I thought about Jesus speaking to crowds of simple men, women, and children and presenting the path to eternal life as though it were about believing in Him (faith) and following Him (obedience). “If you keep my commandments, you will remain in my love.” “If any man will not take up his cross and follow me, he cannot be my disciple.” “It’s not those who say, ‘Lord, Lord,’ but those who do the will of my Father in heaven.” If what Jesus really wanted these simple folk to know was that they would be justified by faith alone, completely apart from obedience, how could He look them in the eyes and say so many of the things He said? And why does Jesus never seem to feel the need to correct the impression His words are giving?

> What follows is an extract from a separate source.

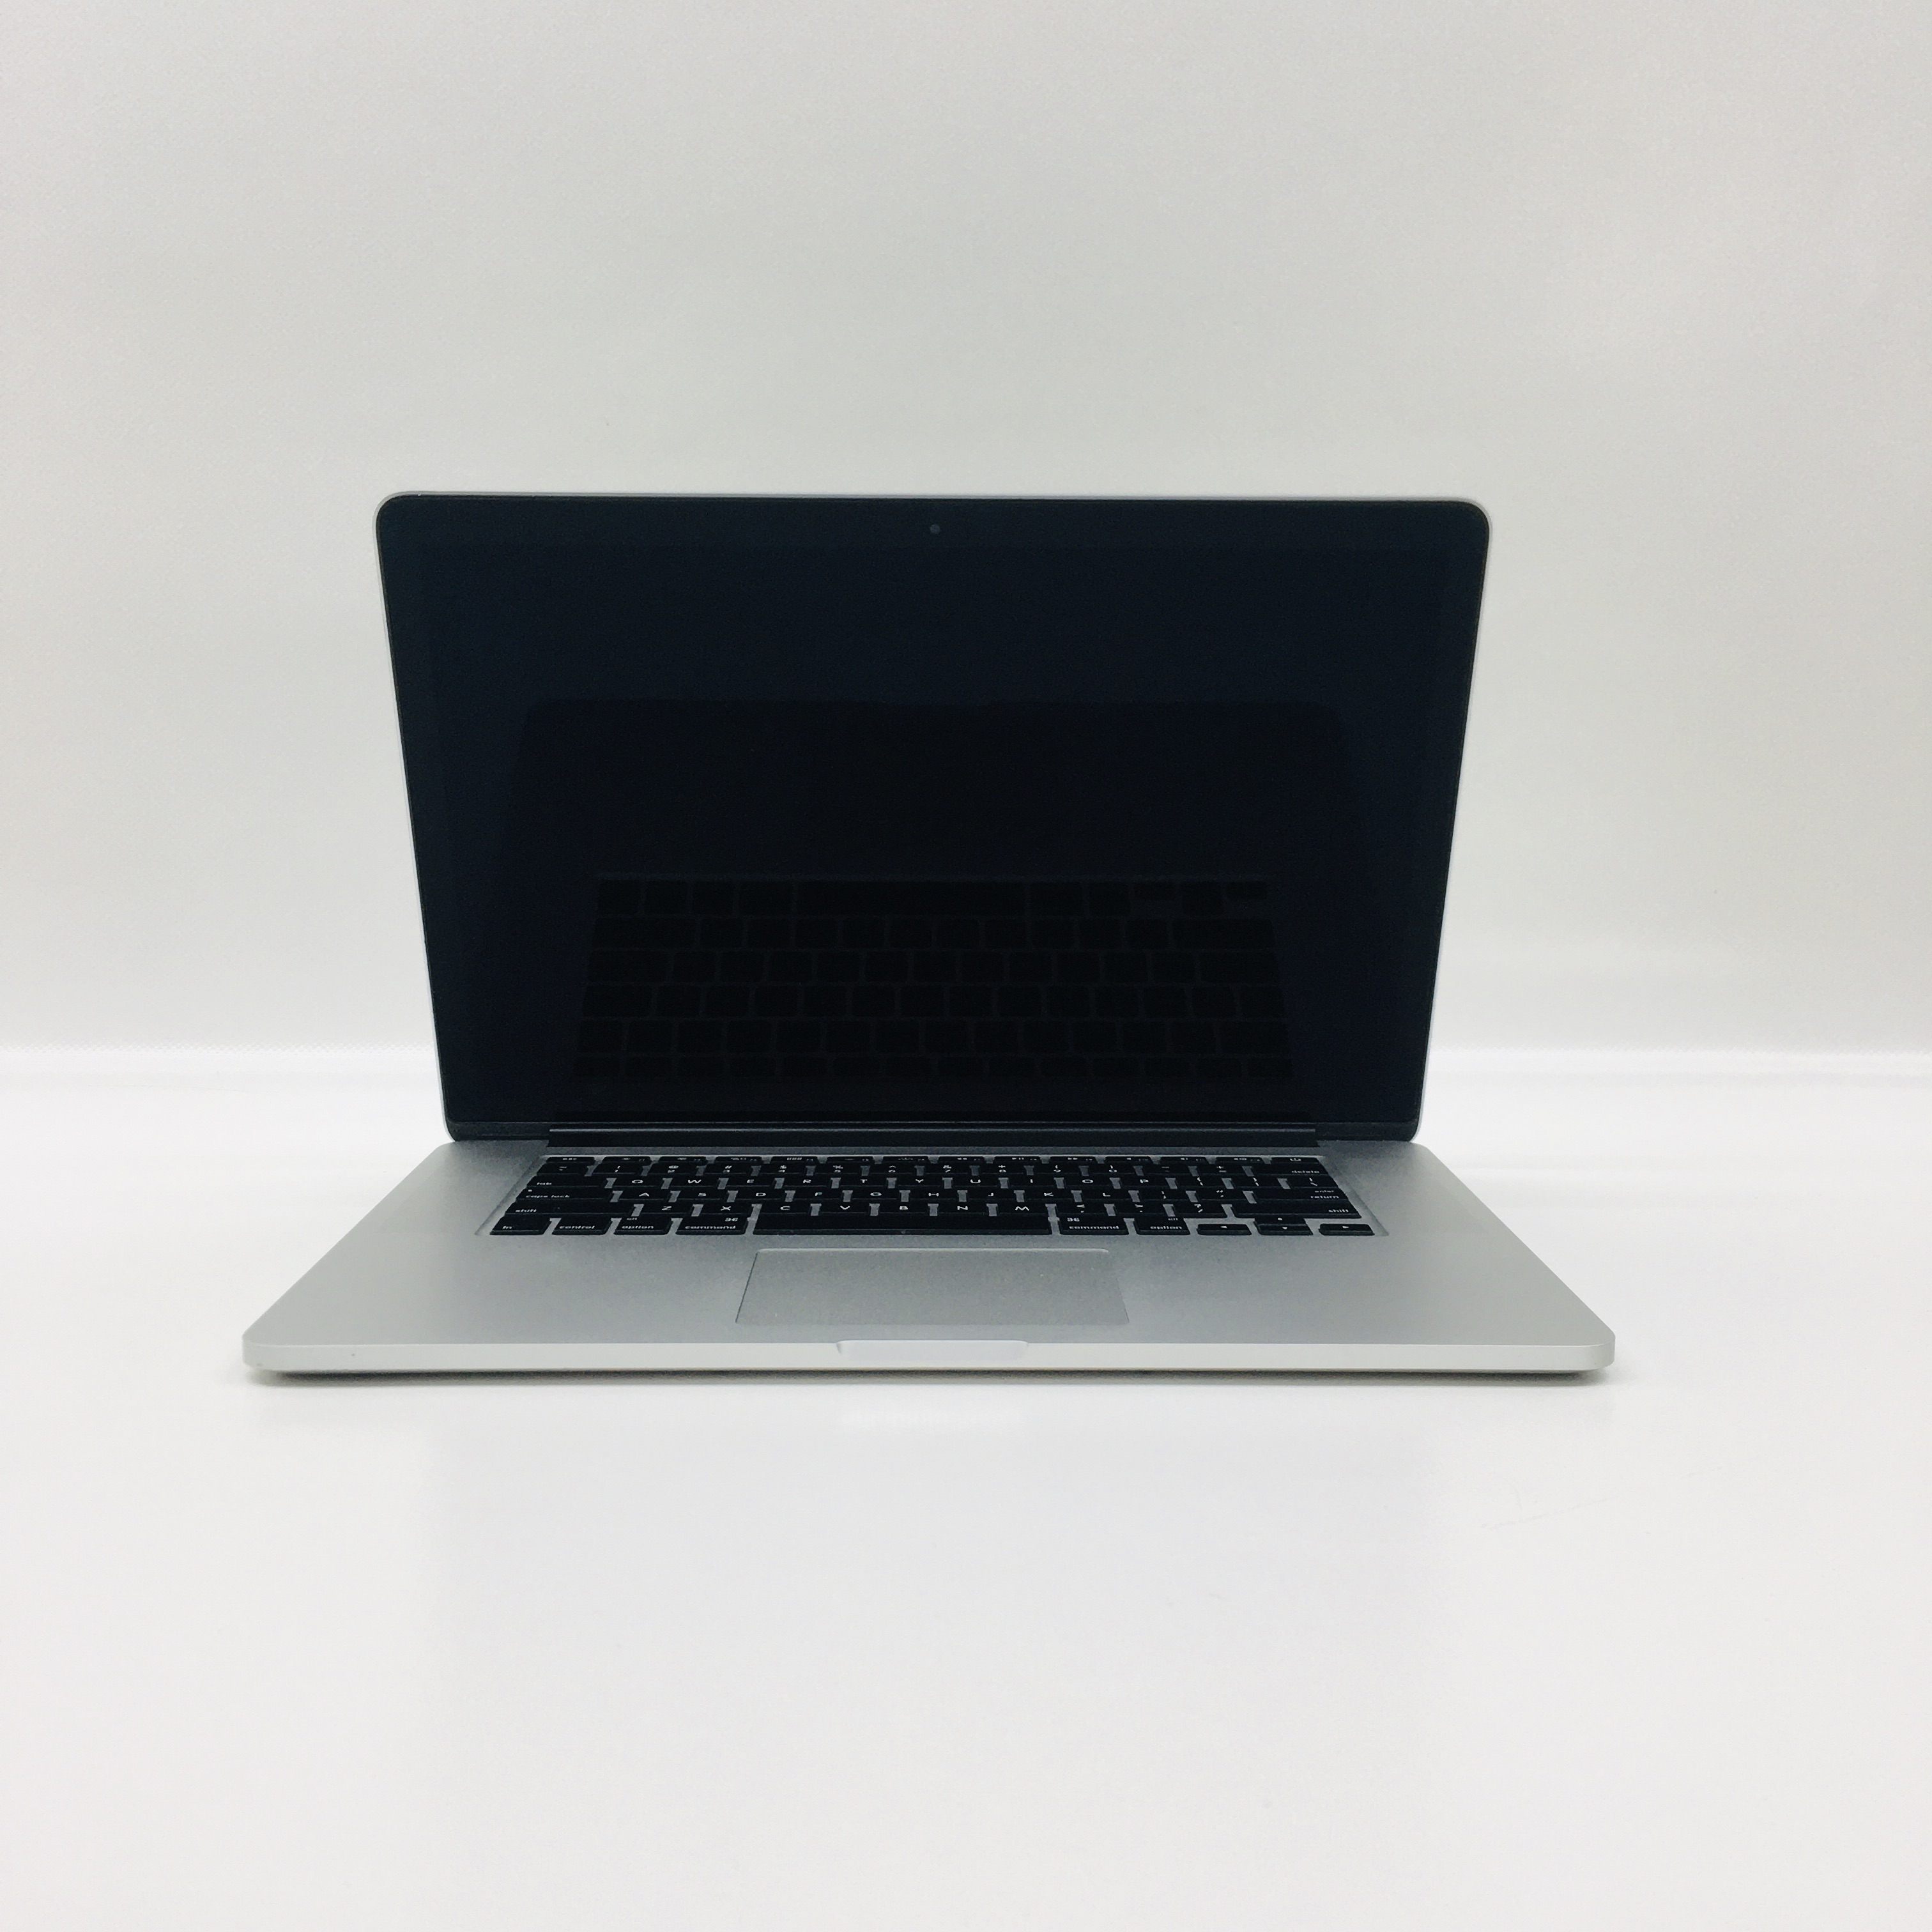 MacBook Pro Retina 15" Mid 2014 (Intel Quad-Core i7 2.5 GHz 16 GB RAM 256 GB SSD), Intel Quad-Core i7 2.5 GHz, 16 GB RAM, 256 GB SSD, image 1
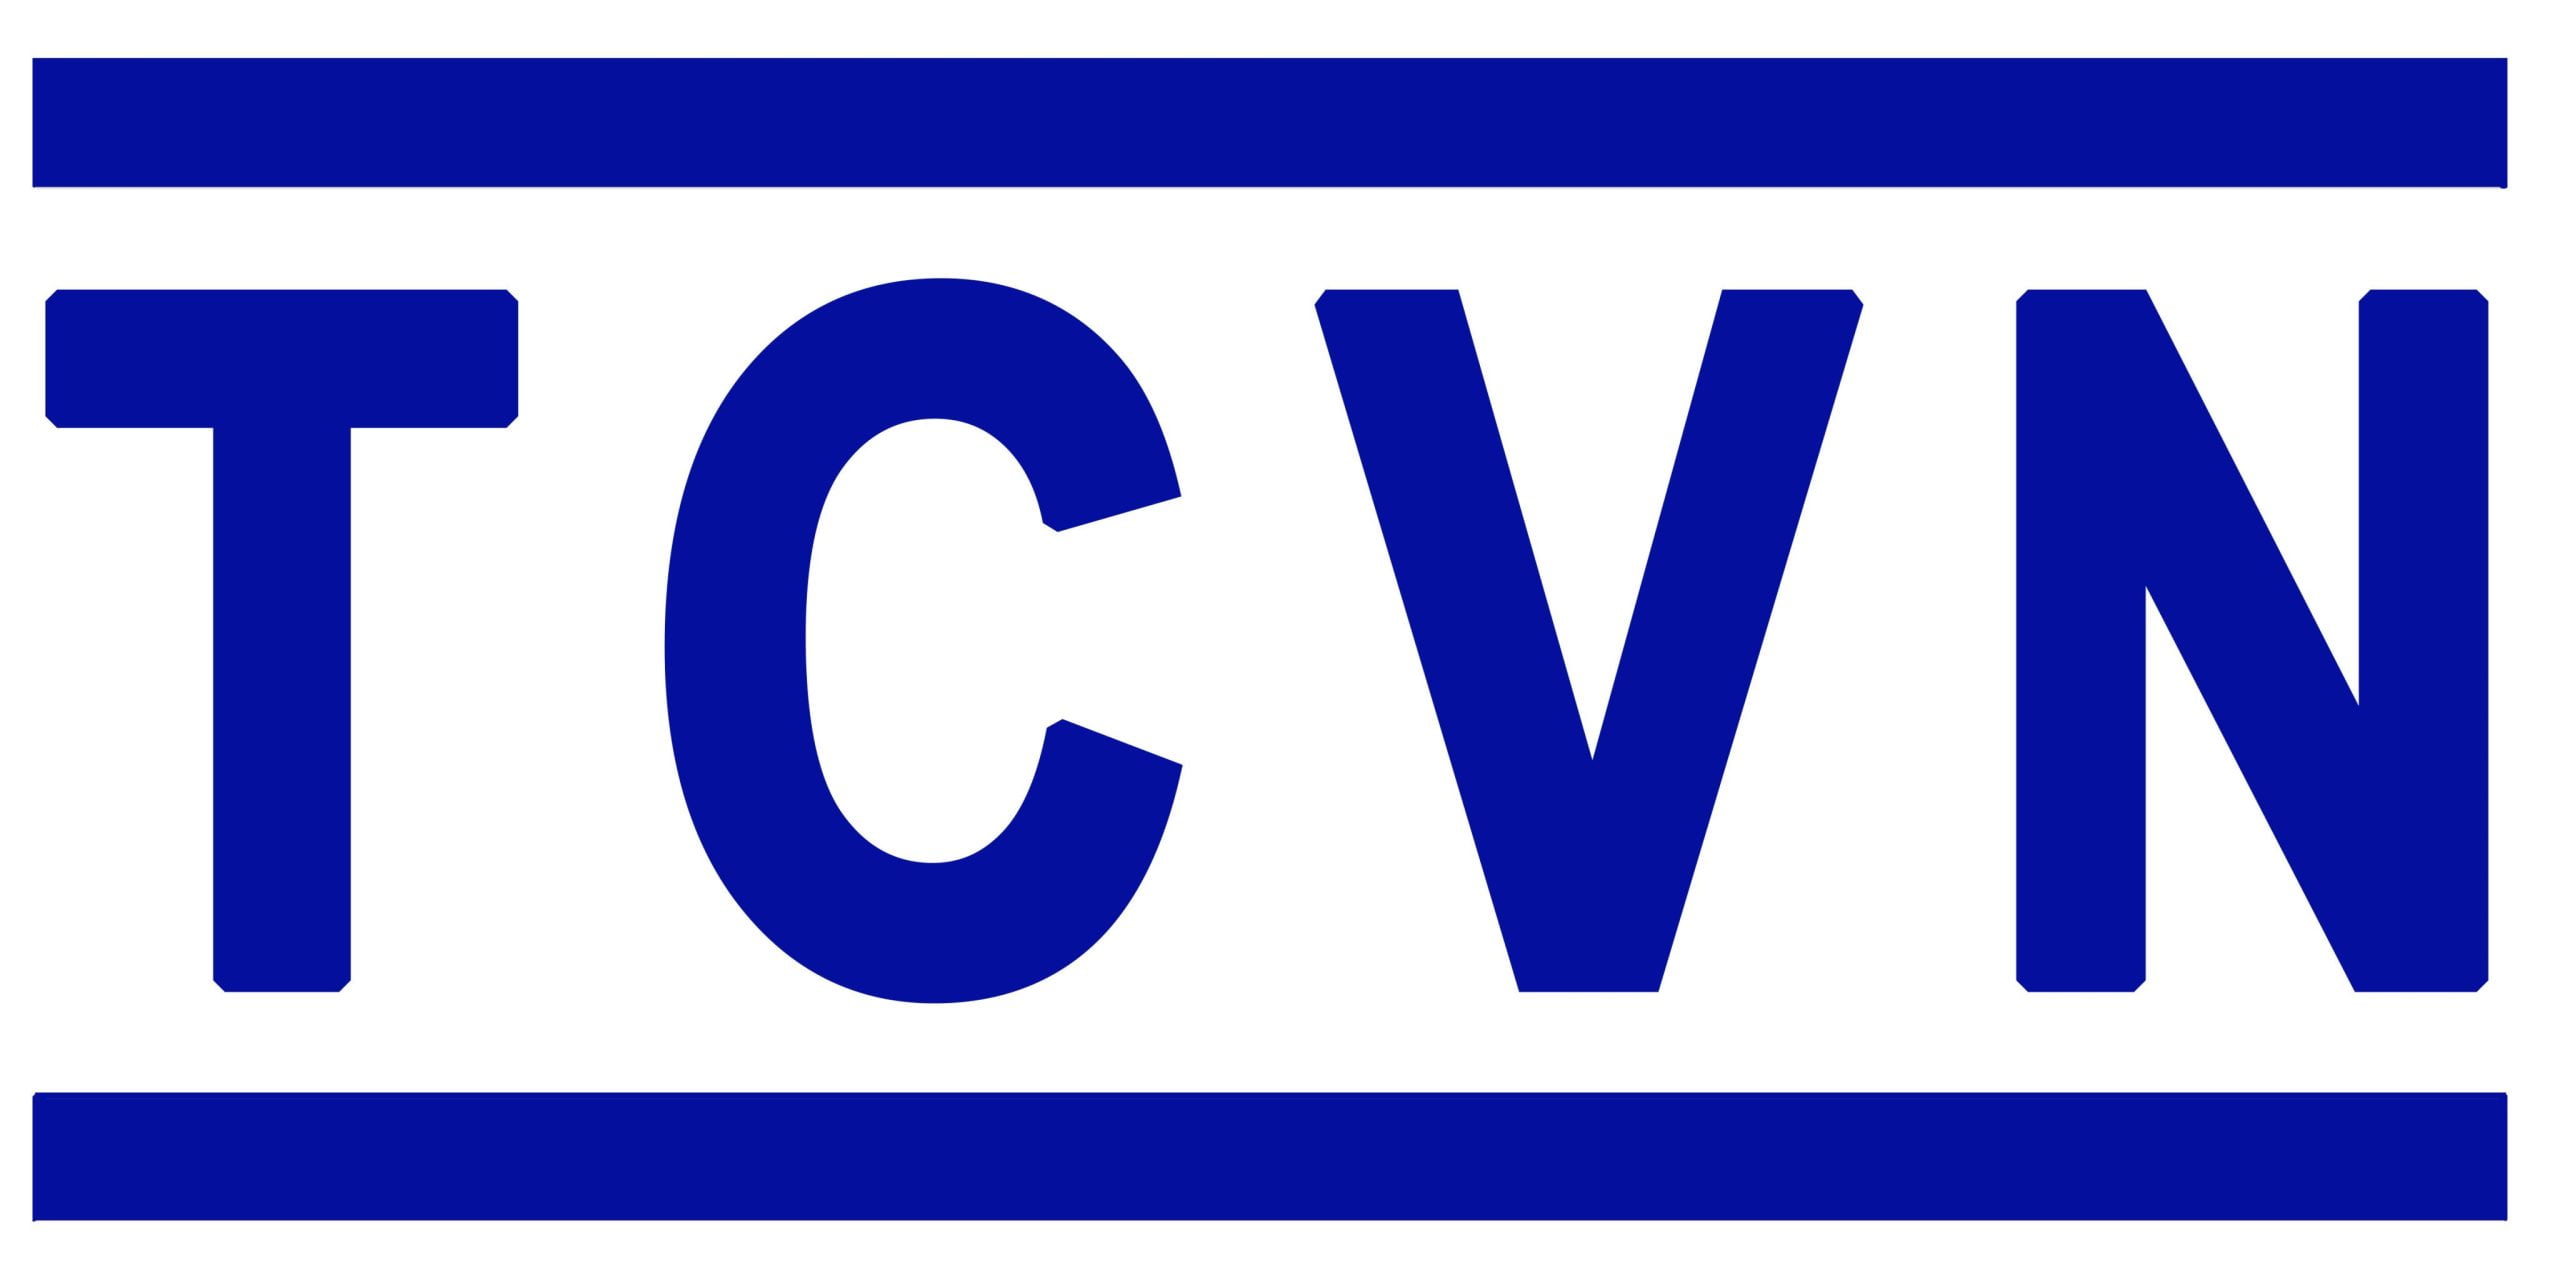 Tiêu chuẩn hợp chuẩn của quốc gia có ký hiệu: TCVN

Why do we never find any of the New Testament authors sensing the need to “explain” to their readers how what they are saying about obedience doesn’t conflict with justification by faith alone? There’s not a hint that any of them felt the need to do so.
I struggled for years with how to make these New Testament passages fit the view of justification I had been taught and that I held. Over time I began to suspect that they simply don’t.
It isn’t natural to speak of attending classes and doing homework and passing tests as requirements for receiving a diploma you already have hanging on your wall. And it isn’t natural to speak of persevering obedience as a requirement for receiving a salvation you’ve already had credited to you by faith alone. These New Testament passages do not sit naturally within the theological framework of the Reformed doctrine of justification. They don’t fit.
At some point it struck me. I spent a good deal of time trying to understand how to interpret those “difficult” passages in such a way as to make them fit a doctrine of justification that I never questioned. I assumed the Reformed doctrine to be true to the teaching of Scripture. This was, after all, the very heart of the gospel as taught by Luther and Calvin and all of the Reformers. And what was the alternative but to accept some damning system of works righteousness, like that taught by the Catholic Church?
For the first time the thought entered my mind: What if these passages are not the problem? What if these passages should be read in their natural sense? What if the problem is with the Reformed doctrine of justification? What if Luther and Calvin were wrong?
It was about this time that I learned an old friend from my time in seminary had become Catholic.